The more interesting question is whether AI constraint reasoning can be made auditable over time. Formal verification tools like Lean and Coq show that machine-checkable proofs are achievable for software properties; the challenge is automating specification inference at scale. If AI systems can generate not just findings but verifiable reasoning traces, the precision advantage carries without the auditability cost.

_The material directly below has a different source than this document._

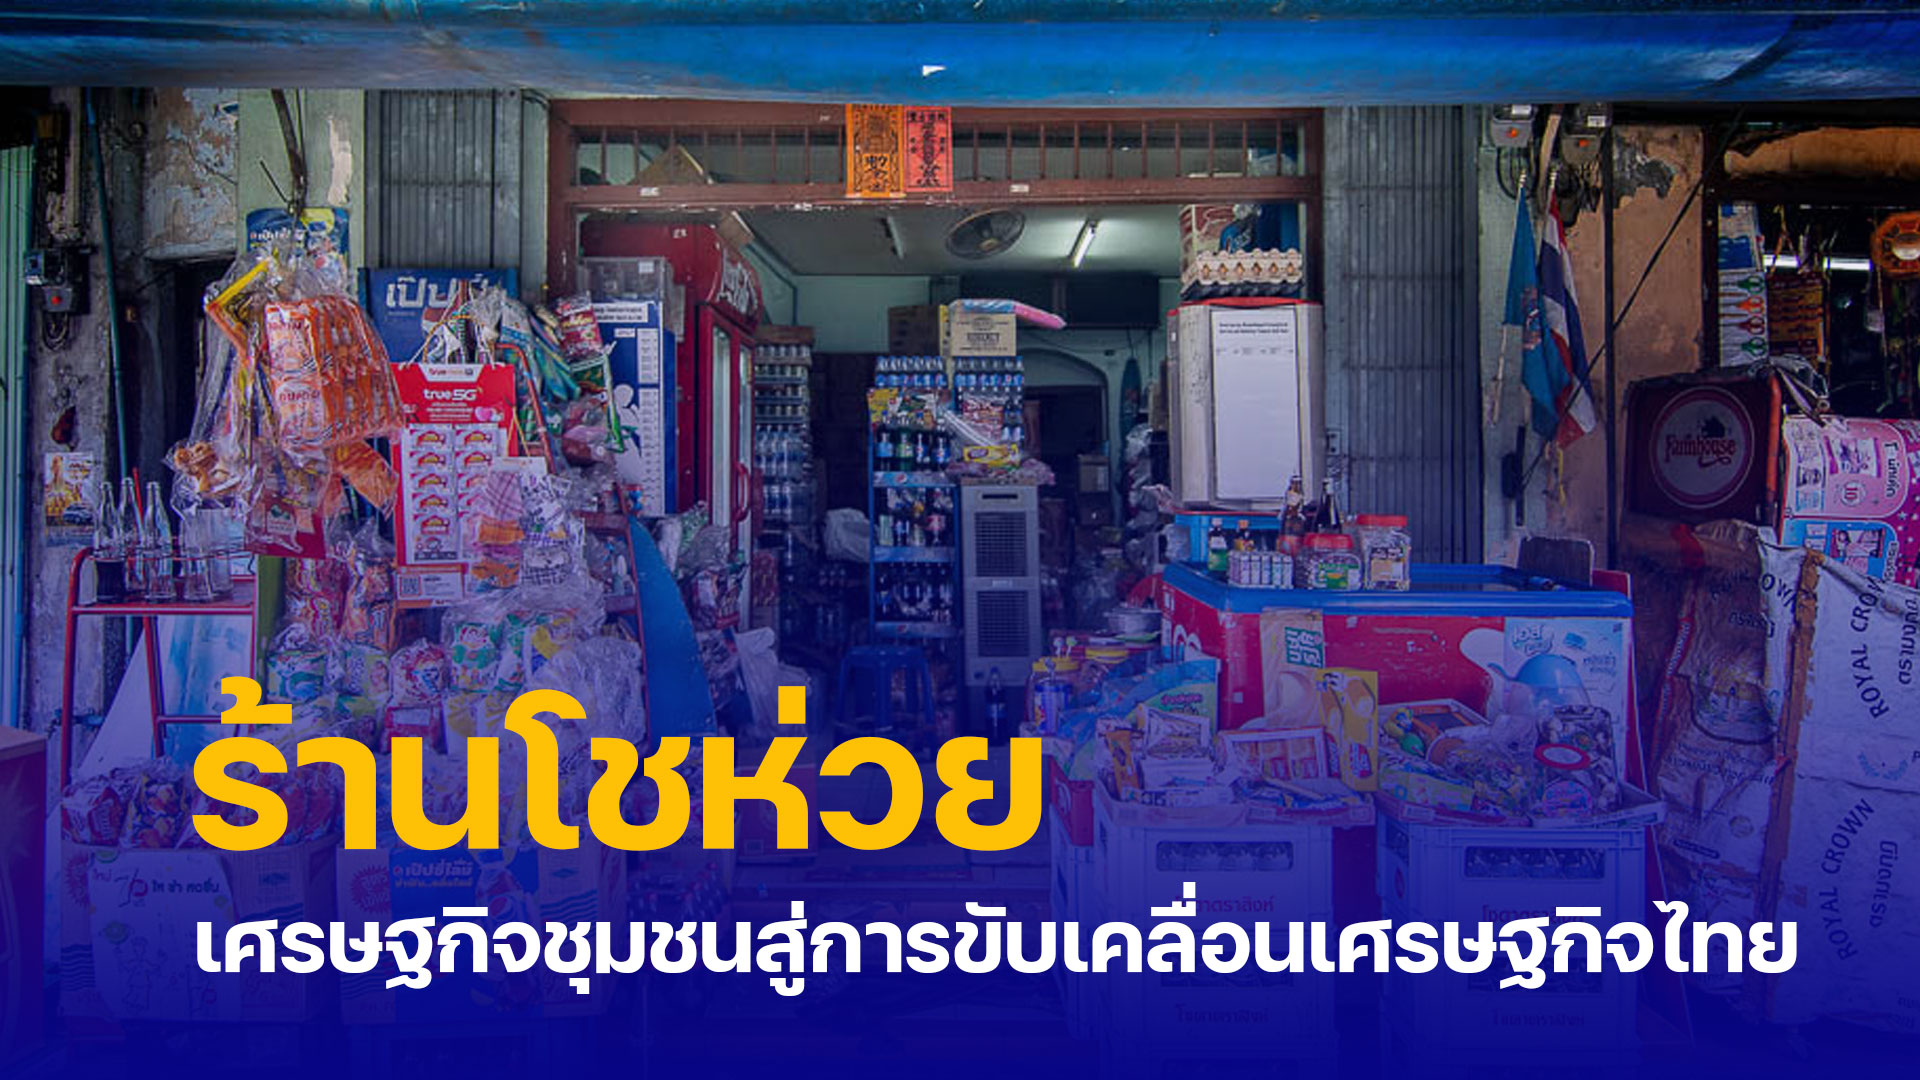 ร้านโชห่วย เศรษฐกิจชุมชนสู่การขับเคลื่อนเศรษฐกิจไทย
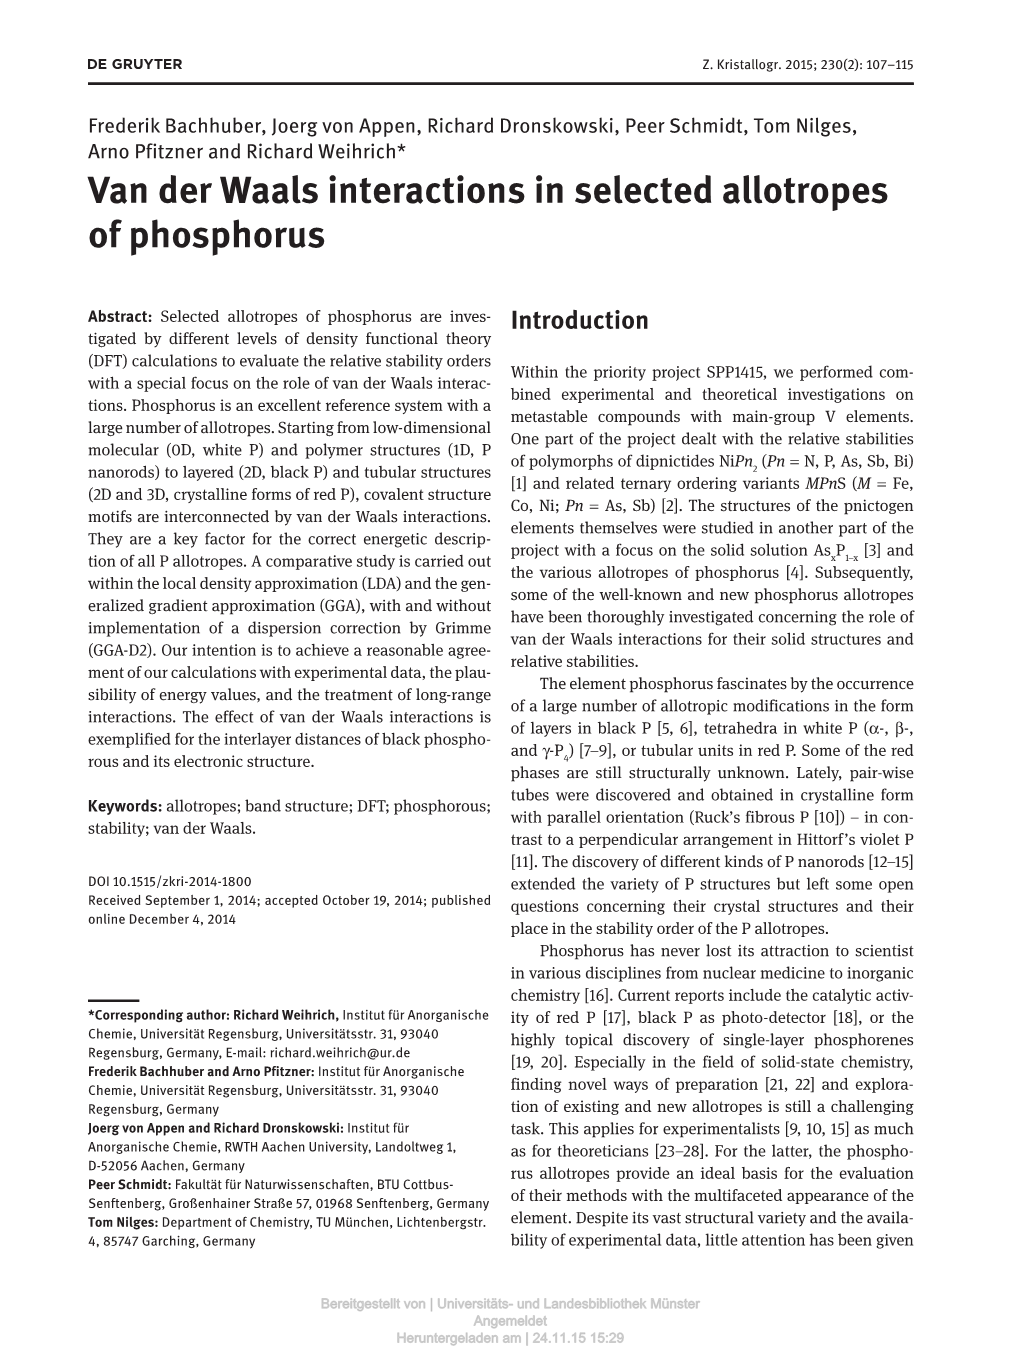 Van Der Waals Interactions in Selected Allotropes of Phosphorus

That combination, high confidence findings with transparent reasoning, would represent something genuinely new in security tooling rather than a repackaging of existing techniques.
Static analysis tools have always had the same underlying constraint: they can see what the code looks like, but reasoning about what it does requires something more. AI systems that can close that gap will produce genuinely different results, and that starts with not treating a pattern-match report as equivalent to a vulnerability assessment.